Traditionally, emotion recognition tasks for static images are mainly researched according to human face images. For the face image, a predefined feature extraction method is adopted for extracting emotional features, and the face image is sent to a classifier (regressor) for model training, so that emotion prediction is finally realized. However, emotional recognition based on face images is easily affected by natural environment and sample characteristic factors such as pose, illumination, and face difference.
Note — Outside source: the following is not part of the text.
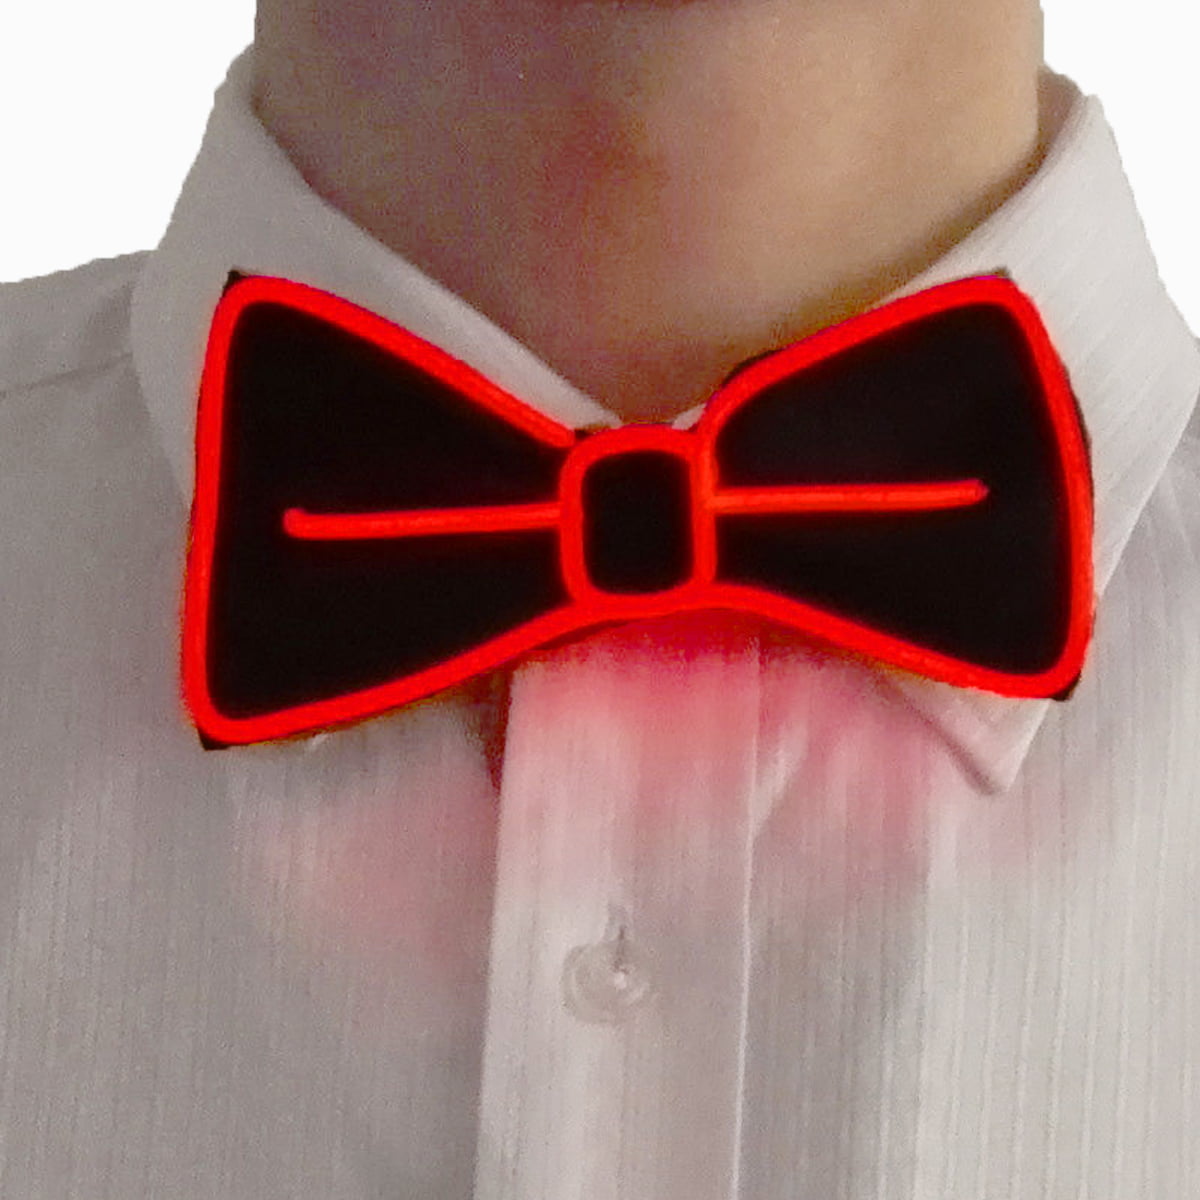 El Wire Ties Adjustable LED Necktie Fit For Light Up Halloween Wedding Accessory

According to psychological research, the emotion information conveyed by the visual communication is about 55% of the information conveyed by the face image. In daily emotion communication, the emotion of a person is judged, the emotion of the person's heart can be estimated through a series of rich context information such as the facial expression of a target person, the surrounding environment such as the movement of the person, the interaction with other people, the scene, and the like, and even under the extreme condition that the face cannot be detected, the emotion of a research object can still be estimated through a large amount of context information.
In recent years, a complex emotion recognition method based on a deep convolutional network attracts attention, and the network learns emotion characteristics by itself and analyzes the emotion characteristics instead of a traditional artificial definition mode. However, the current deep learning analysis method mainly performs emotion analysis on a face image, lacks comprehensive consideration on character expression under a complex situation of a natural scene, and never considers the influence of scene-level context information on character emotion recognition in the scene. Meanwhile, the fusion mode of different attribute characteristics is not studied enough, and the contribution degree of different attribute characteristics to the emotional state identification is ignored in the established model.
Disclosure of Invention
The invention aims to provide a scene-level context-aware emotion recognition depth network method, which solves the limitation problems that in the prior art, the emotion analysis range based on static images is narrow, only face images are targeted, and emotion recognition is carried out by directly splicing different attribute features.
The invention adopts the technical scheme that a scene level context perception emotion recognition deep network method specifically comprises the following steps:
step 1, collecting images and determining a training sample set XinAnd test sample set Xtn;
Step 2, reading a training sample set XinExtracting the body part of each sample according to the body mark value to obtain a body part image set XB;
Step 3, training sample set XinCarrying out normalization processing in the set to obtain a context emotion image set Xim(ii) a For body part image set XBCarrying out normalization processing in the set to obtain a normalized body part image set Xbody;
Step 4, collecting the normalized body part image set XbodyExtracting body part emotional feature T by convolutional neural network fed into upper layerFAnd collecting the context emotion image set XimExtracting scene level context emotional characteristic T by convolutional neural network sent to lower layerC;
Step 5, emotional characteristics T of the body partFContext and context sentiment feature T at scene levelCRespectively sending into the upper adaptive layer and the lower adaptive layer for feature adaptive learning, and outputting the fusion weight lambda of the body part by the upper adaptive layerFThe adaptive layer output context fusion weight λ of the lower layerC;
Step 6, emotion characteristics T of body partFScene level contextual emotional characteristics TCFusing weight lambda with body partFContext fusion weight λCCarrying out weighted fusion to obtain emotion fusion characteristic T combined with context informationAThen T is addedAObtaining initial predicted values of arousal and value through linear mapping of a full connection layer, measuring the loss between the initial predicted values of arousal and value and corresponding original emotion marking values by adopting a KL divergence loss function, reversely propagating through a network, iterating for multiple times, updating network weight, gradually reducing loss, enabling the algorithm to gradually converge, finishing training, and obtaining a network model;
step 7, extracting a test sample set X according to the step 2tnObtaining a test body part image set X of the body part of each test sampletBThen, according to step 3, respectively testing sample sets XtnAnd testing the body part image set XtBAfter normalization processing, sending the normalized result into the network model obtained in the step 6, and finally obtaining a test sample set XtnPredict tag values.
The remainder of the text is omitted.